Take note of a few things that I did there:

  1. This is Python, not Java. Stack frames are expensive, so minimize function and method calls.
  2. If you don't need a function to abstract a property, don't do it. I.e.: you don't need attr_g (except maybe to do escaping, but you can do that when you're putting the data in instead).
  3. Do all of your string formatting on the same string! Having a single string formatting operation for a tiny string and then yielding it to be concatted is a huge waste.
  4. Don't use a generator for this.

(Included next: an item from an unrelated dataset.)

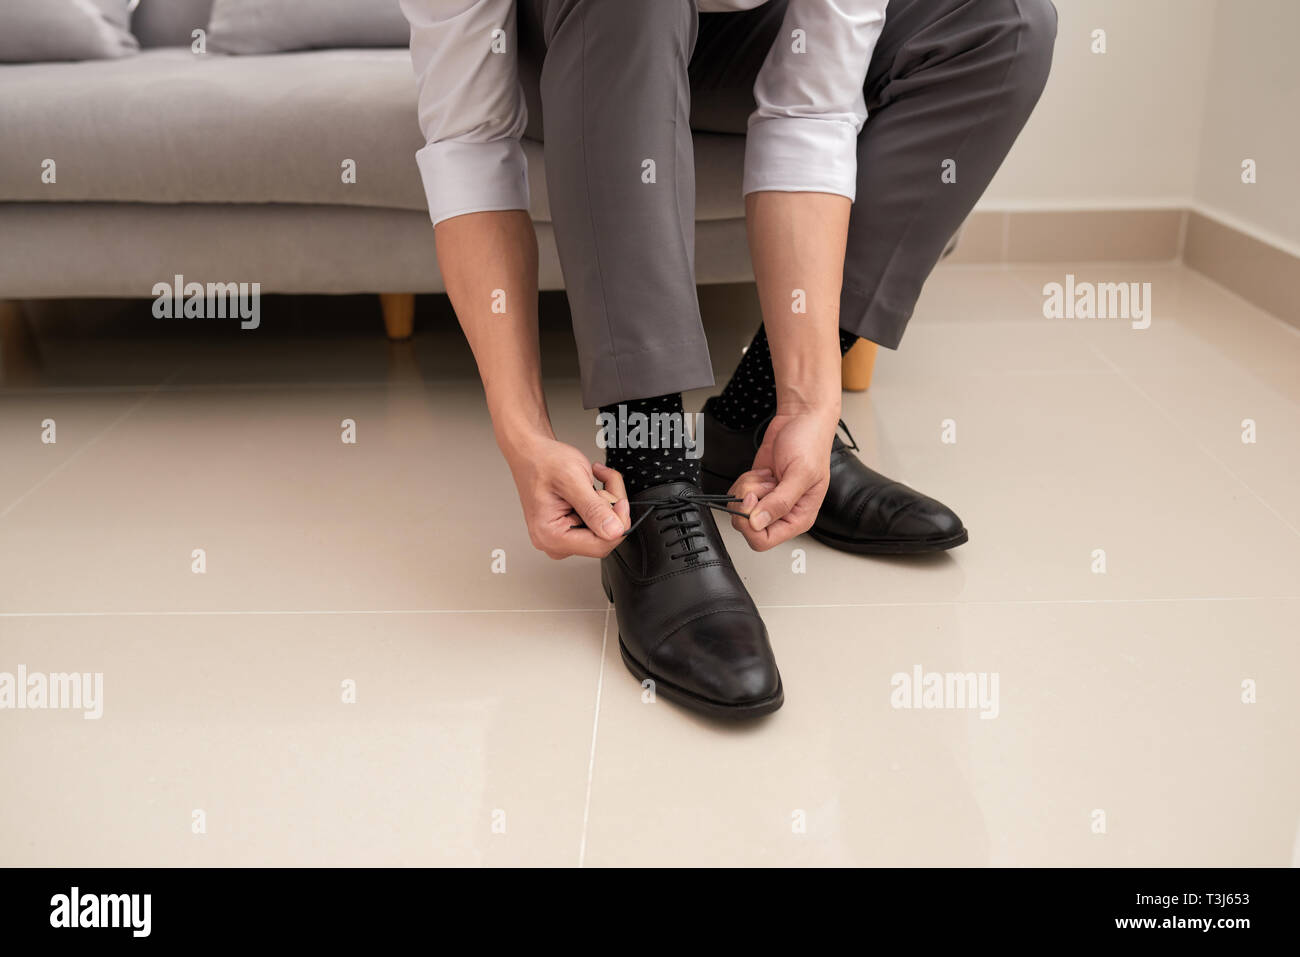 Man's hands tying shoelace of his new shoes. People, business, fashion and footwear concept - close up of man leg and hands tying shoe laces. Stock Photo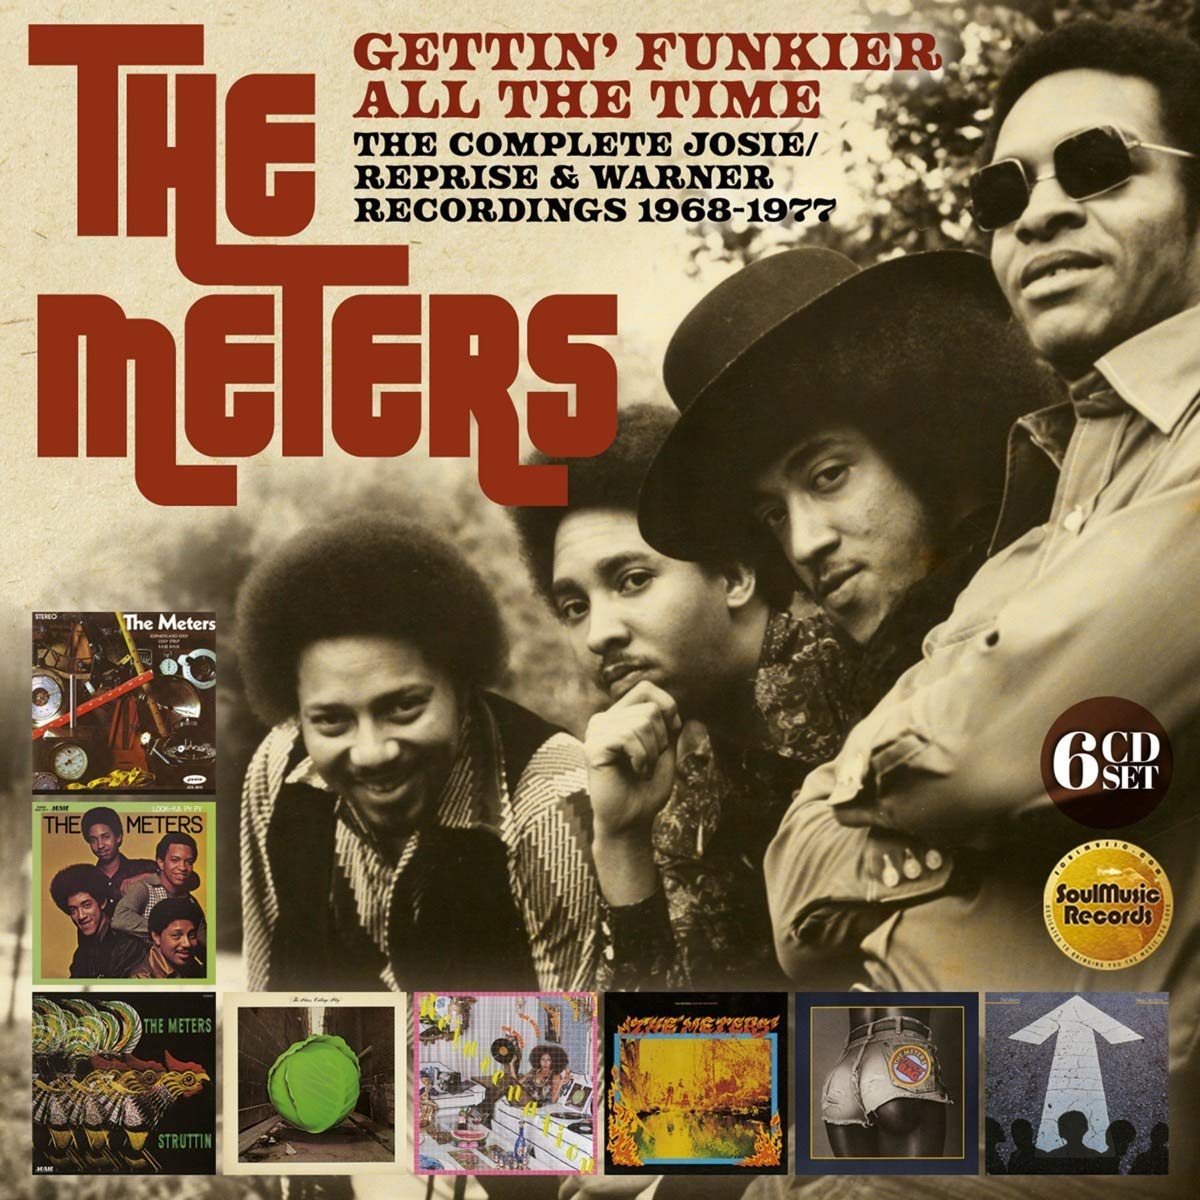 The Meters - Gettin' Funkier All The Time - 6CD

Every time you yield, you're mussing around with the instruction pointer, which is going to inherently slow things down.

Other pointers:

  • You're inheriting from object, so use the super() function.
  • Don't waste code by writing constructors to declare the tag type:

    class TAG(object):
        def __init__(self, contents=None, **attributes):
            self.contents = contents
            self.attributes = attributes
    
    class H1(TAG):
        tag = 'H1'
    
    class H2(TAG):
        tag = 'H2'
    
  • You might have some success with StringIO objects if you're doing a lot of this. They'll let you build your tags and .write() them in. You can think of them as .Net StringBuffers or Java's StringBuilders.